In Wales, where the town is an exotic form, the native culture has intro-
duced into the townscape features, not exclusively urban, which now give it
what may perhaps be regarded as a distinctively Welsh character. The special
features that make a Welsh variant alike of country market-town and industrial
or mining town are the chapels, symbols of the sectarian Nonconformity that
is so prominent a feature of modern Welsh culture. Whether they enhance or
detract from the aesthetic quality of the Welsh townscape, certainly by their
number, size and prominence, the plethora of chapels, built in pretentious
pseudo-classical or pseudo-Gothic style, make a significant contribution to it.
In lesser but still noteworthy degree, the Nonconformist tradition, with which
the British way of life is so strongly imbued, is stamped upon the townscape in
other parts of Britain.
From this illustration of the importance that particular structures of
architectural prominence may assume for the characterization of the townscape
we may proceed to comment upon the significance of regional features of
architecture for the personality of both village and town. Noteworthy examples
are distinctive regional types of church, such as the 'Northamptonshire' type
built of limestone with tall, often broach spires, the 'Somerset' type with stone
towers of distinctive style, or the East Anglian type of flint structure, some-
times with round towers. Such phenomena have been seriously neglected by
geographers, although they have often concerned themselves with others which
contribute far less to regional distinctiveness. In a wider context than that of
specialized urban geography or even settlement geography attention to such
salient features of the landscape is called for. Until the geographical study of
settlement has been pursued with much more intensity than hitherto, it is
axiomatic that regional characterization in a country so long and intensely
settled as Britain will remain impoverished and out of focus, the essential
character and content of distinctive regions only imperfectly appreciated.
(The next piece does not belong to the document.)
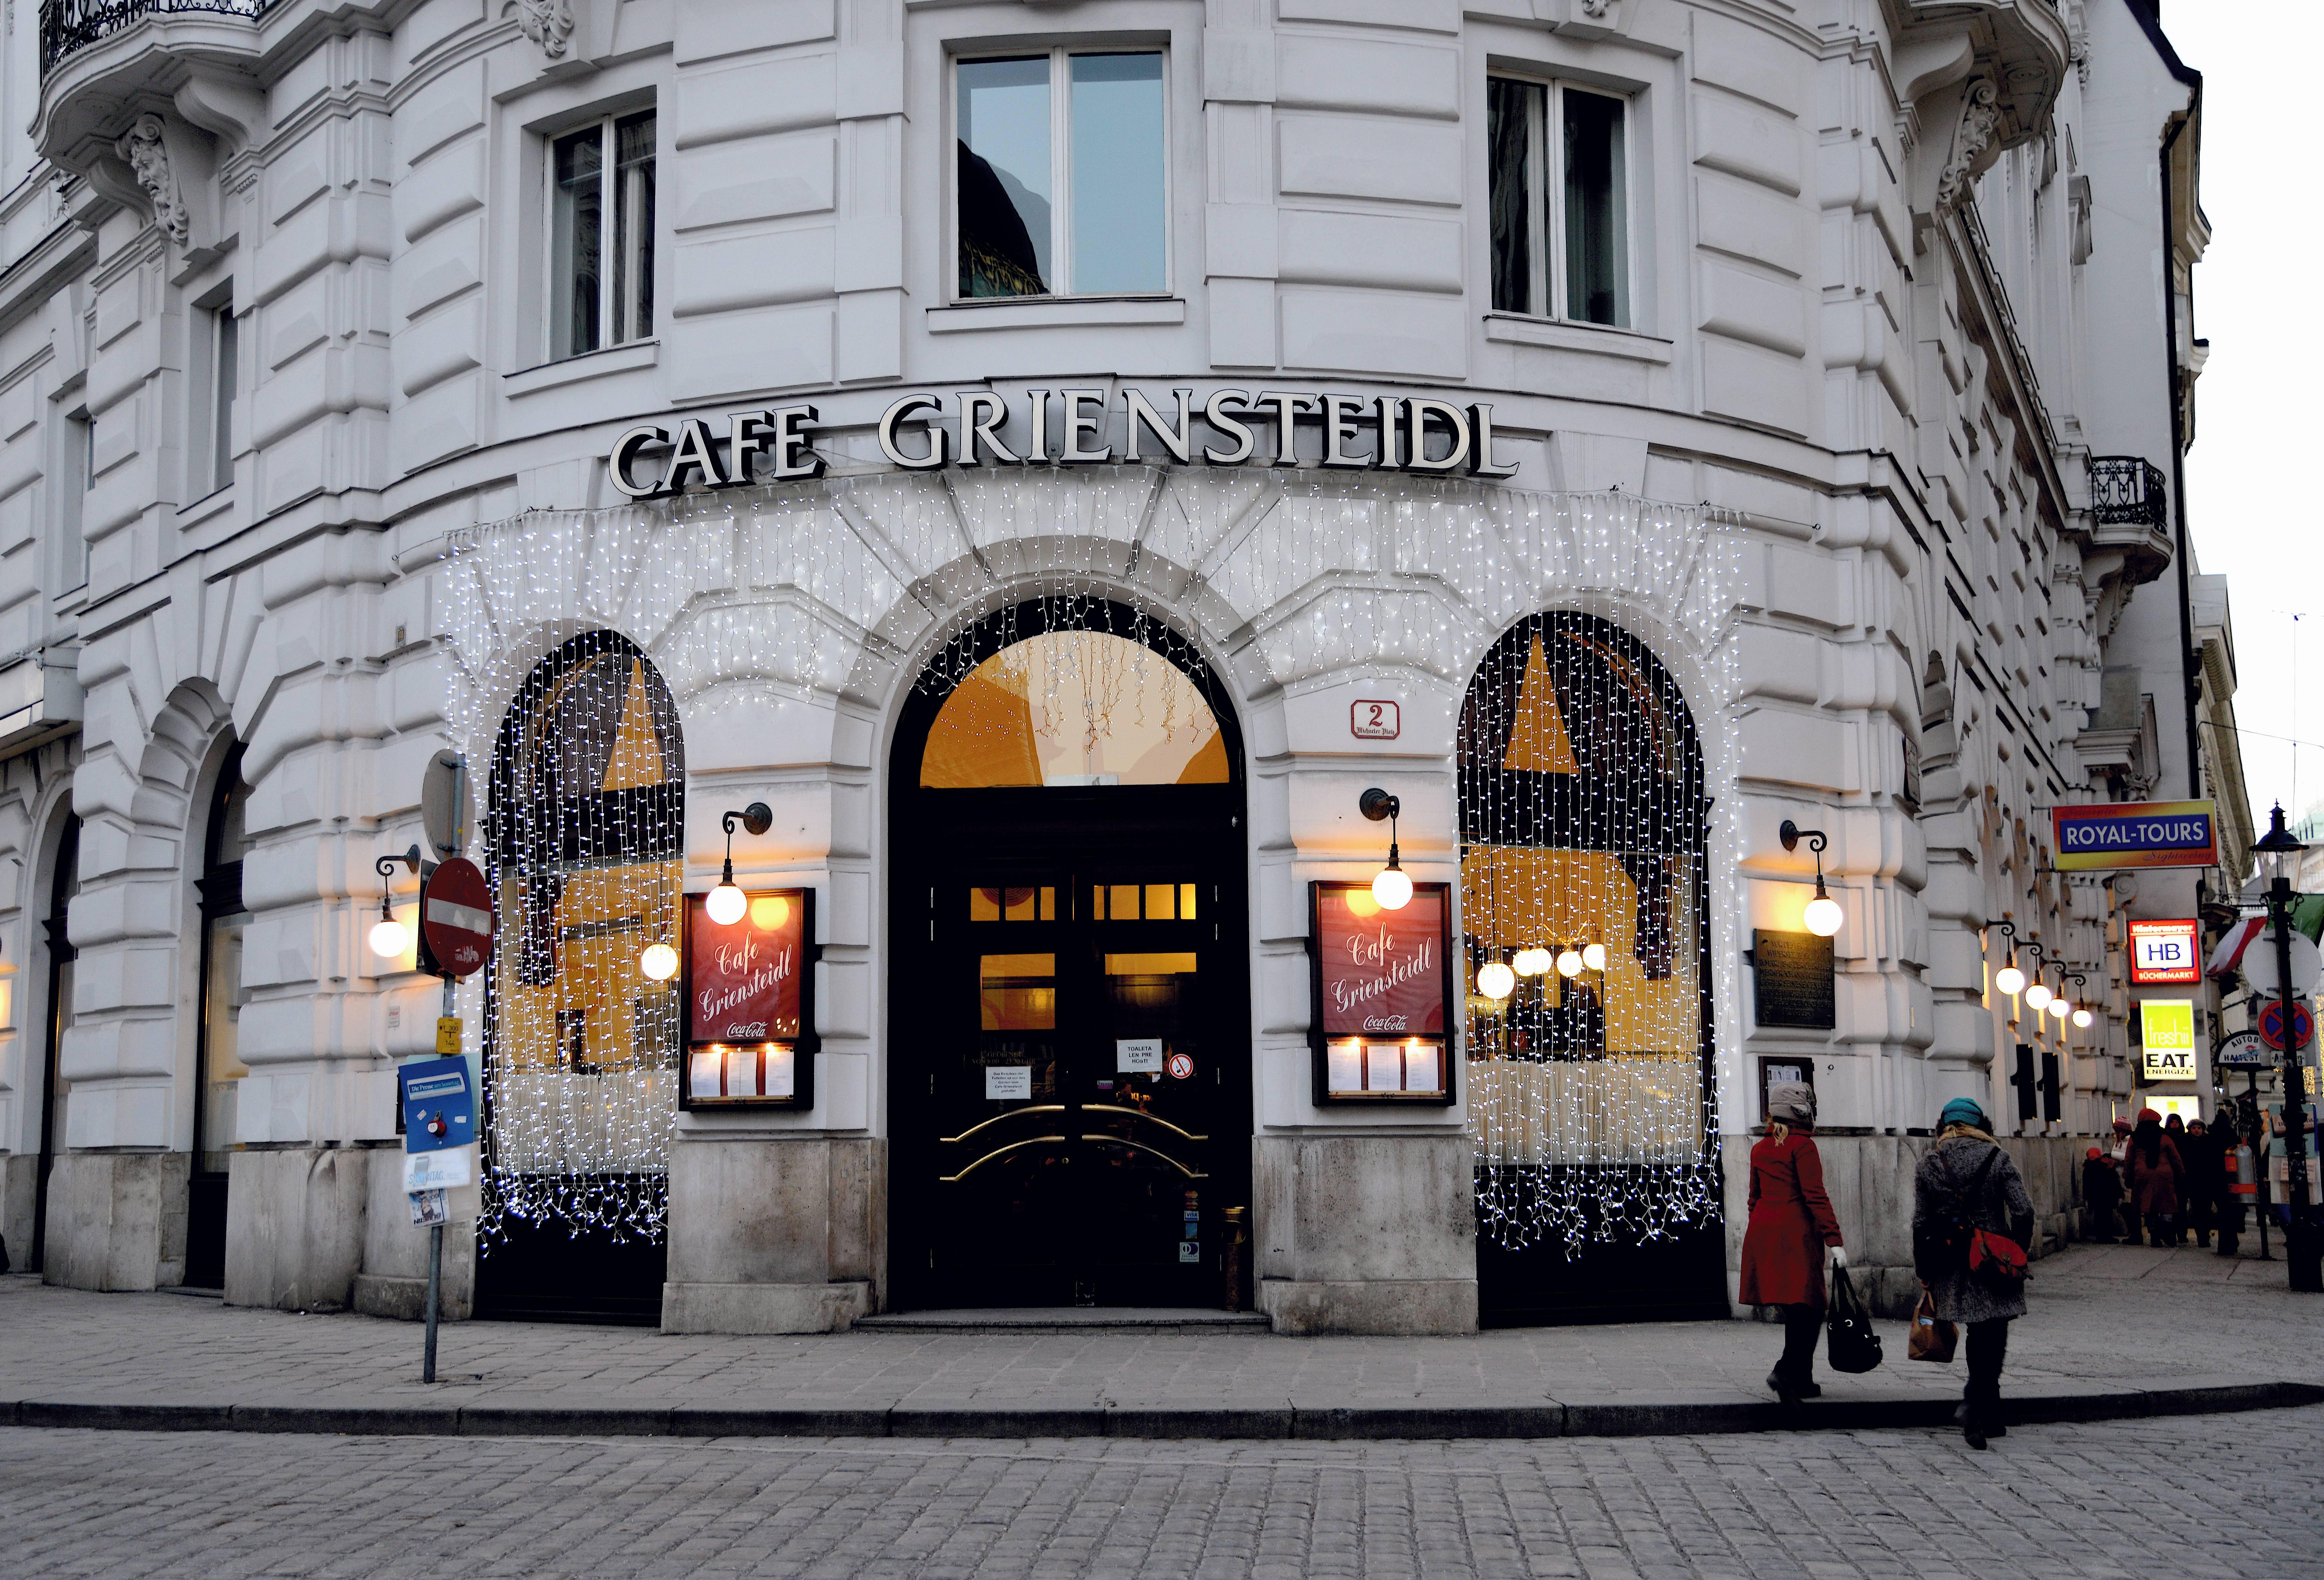 Http Www Cafe Und Pension Alte Messe De

It is realized that many of the reflections that have here been expressed
amount only to tentative exploration of dimly-lit territory, and that a great many
questions have been posed, either explicitly or implicitly, without it having been
possible to offer definitive answers. The author believes, however, that much
potentially valuable work in urban geography is at present aimless or ill-directed,
and is stultified by lack of a clear conception of the objectives of geographers as
compared with other students of towns, and by a failure clearly to discern its
relation and potential contribution to the general corpus of geography. Decisive
advance from the present state of urban geography is so crucially dependent
upon posing the right questions that the author has ventured to put forward
these personal reflections in the hope that some at least of the problems to
which attention is drawn are the significant ones, and that their enunciation may
stimulate the desire and determination to seek and provide the answers.